_EXERCISE DETAILS_:
Can you copy the lines from the one that contains "2015 Lottie Moon Christmas Offering" through the end of the material below, exactly and with nothing else?

_SUPPLIED INFORMATION_:

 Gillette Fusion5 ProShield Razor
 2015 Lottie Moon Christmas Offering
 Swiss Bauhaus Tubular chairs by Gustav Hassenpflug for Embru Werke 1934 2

_OUTPUT BELOW_:
 2015 Lottie Moon Christmas Offering
 Swiss Bauhaus Tubular chairs by Gustav Hassenpflug for Embru Werke 1934 2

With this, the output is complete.